PPRuNe Forums - View Single Post - Air Asia Indonesia Lost Contact from Surabaya to Singapore
Old 10th Jan 2015, 01:36
  #1646 (permalink)  
MsCaptain
 
Join Date: Apr 2014
Location: USA
Posts: 2
Likes: 0
Received 0 Likes on 0 Posts
WSJ article with some updates: Bodies found in wreckage, impact injuries found, pathologist(s) requested analysis of lung contents, autopsies being done on foreigners.


AirAsia Flight 8501: Official Says Black Boxes May Not Be in Tail Section - WSJ
Excerpt:
Search teams on Friday also recovered the bodies of two victims still in their airplane seats from the tail section, bringing the total number of recovered bodies to 48. The two bodies were the only ones to be found so far in the wreckage.

Autopsies carried out on several victims from AirAsia Flight 8501 have revealed impact injuries such as broken legs, but no burns, early clues that may help investigators figure out what happened in the crash.

Air-safety experts said that means there likely wasn’t any fire or explosion that tore through the plane on its way down, and the jet probably hit the water at a shallow angle.

“It was most likely a flat impact,” according to Michael Barr, a senior accident-investigations instructor at the University of Southern California. Based on four decades of experience, Mr. Barr said, “the flatter the impact, the less trauma damage to the body.”

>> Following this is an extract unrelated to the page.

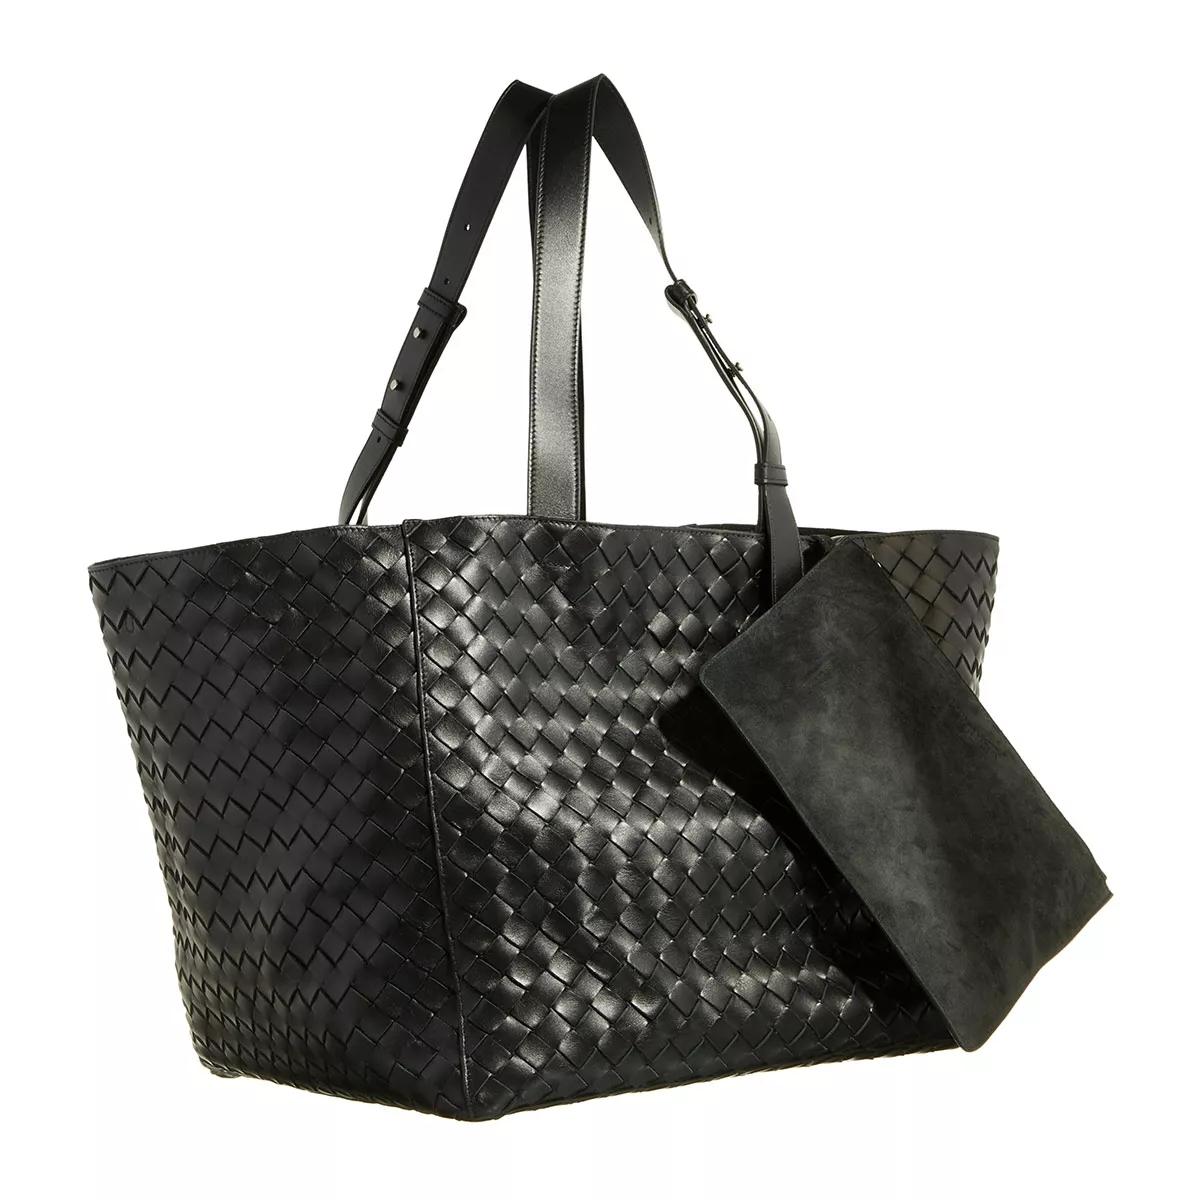 Bottega Veneta Shoppers Intrecciato Cube Tote Bag in zwart

The impact of a vertical or near-vertical descent, according to Mr. Barr and other experts, probably would result in the plane breaking into smaller pieces than the wreckage suspected of being on the bottom. The broken legs of victims are more consistent with a scenario of a plane pancaking into the water, Mr. Barr said, which likely would have resulted in the fuselage or seat assemblies buckling or breaking apart. That, in turn, could transfer huge stresses to the limbs of passengers strapped in their seats.

Lung samples from the first few autopsies have been sent to an Indonesian laboratory for signs of seawater and plankton following a request from pathologists, said Budiyono, the commander of East Java’s disaster-victims identification service, who goes by only one name.

“If there’s sea water or plankton in their lungs, then we can say that they were still alive when the plane crashed into the sea,” he said.
Pathologists have been able to speed up their investigation after more bodies have been recovered during the past few days.

They are focusing on trying to conduct post mortems on foreigners who don’t have the same cultural sensitivities to the procedures as many Indonesians, Mr. Budiyono said. Indonesian authorities have decided to conduct autopsies on all foreigners recovered from the crash, unless families expressly reject the procedures.